## Recorded data
--

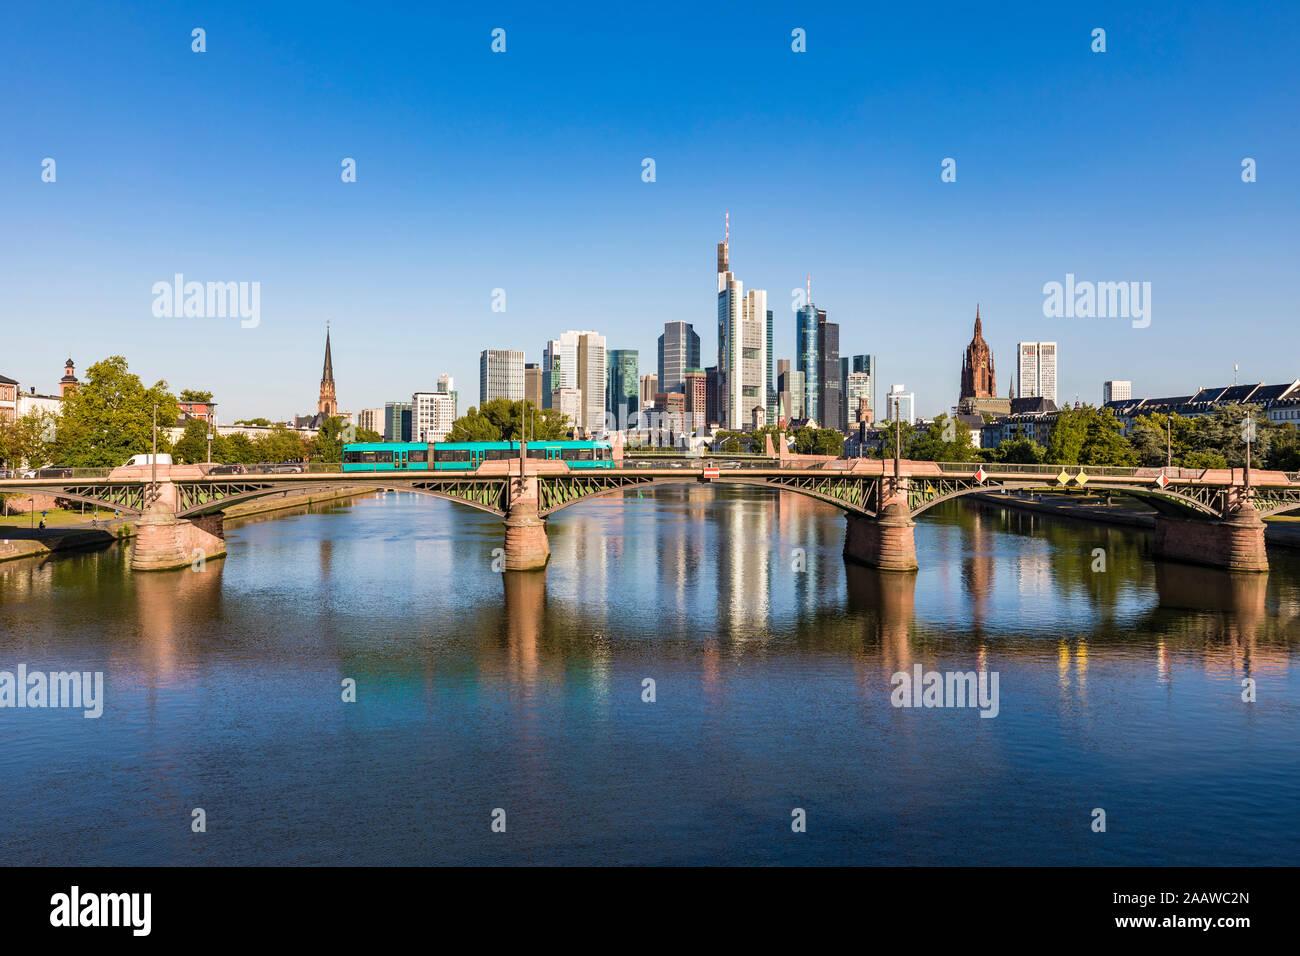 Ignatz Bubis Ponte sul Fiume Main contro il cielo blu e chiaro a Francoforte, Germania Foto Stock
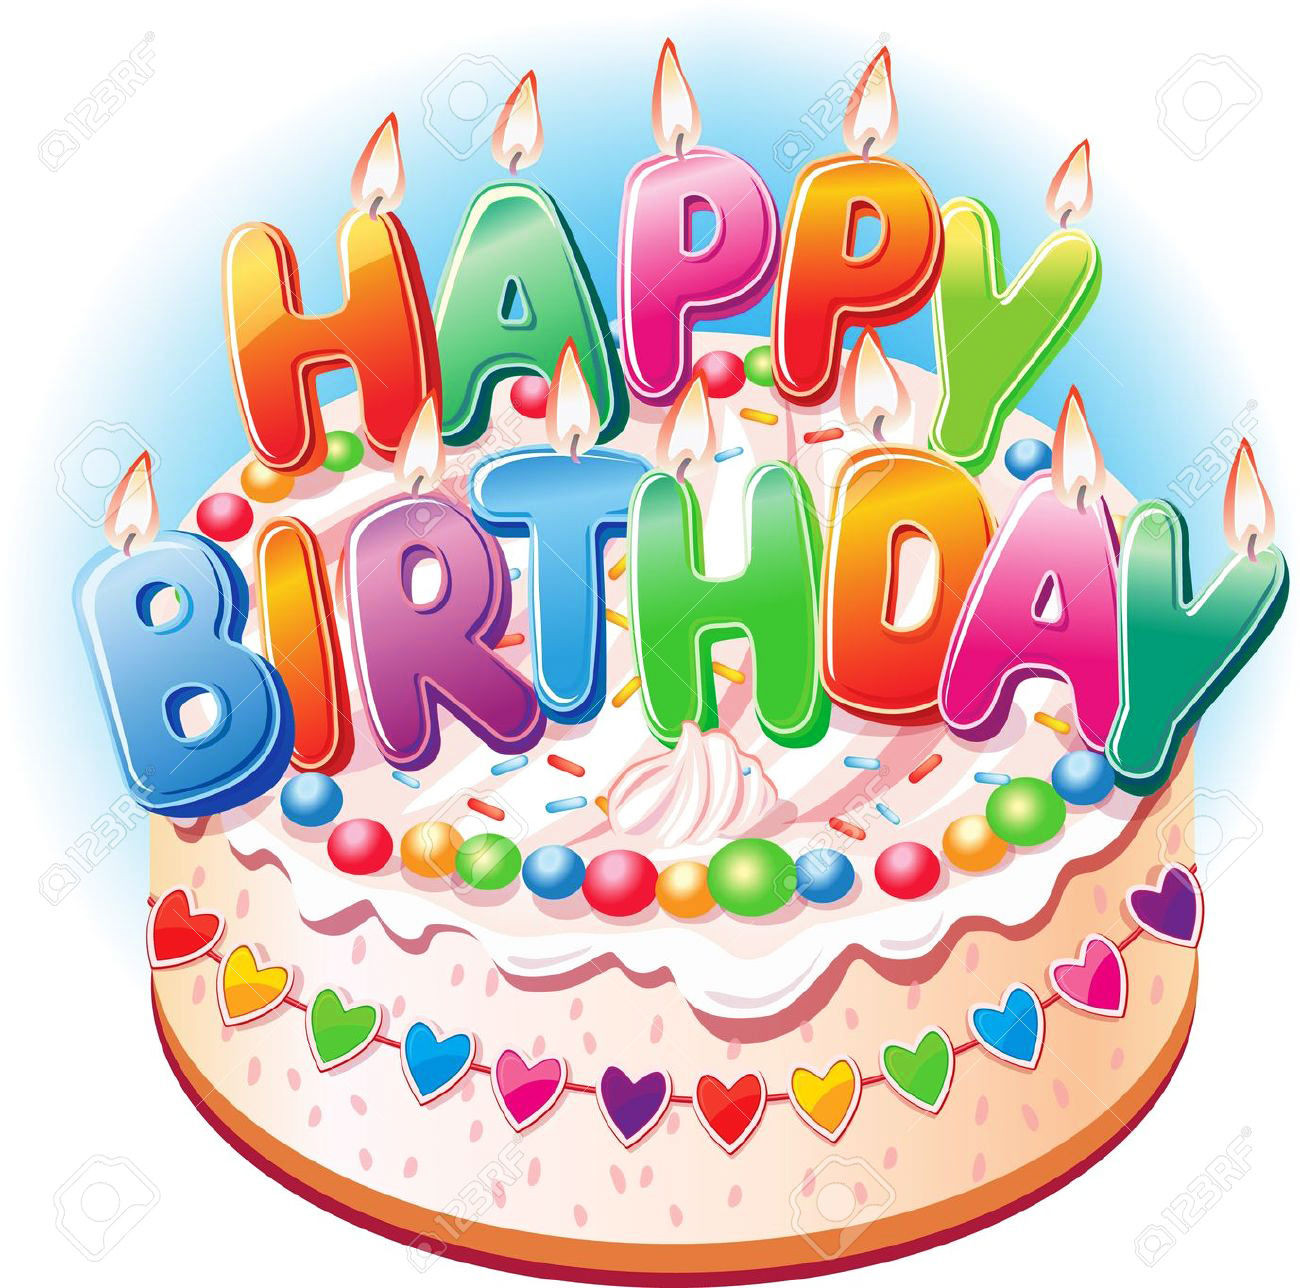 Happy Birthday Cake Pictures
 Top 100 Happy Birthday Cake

--

For this exercise, return the material word for word and drop each image.

## Task solution
 Ignatz Bubis Ponte sul Fiume Main contro il cielo blu e chiaro a Francoforte, Germania Foto Stock
 Happy Birthday Cake Pictures
 Top 100 Happy Birthday Cake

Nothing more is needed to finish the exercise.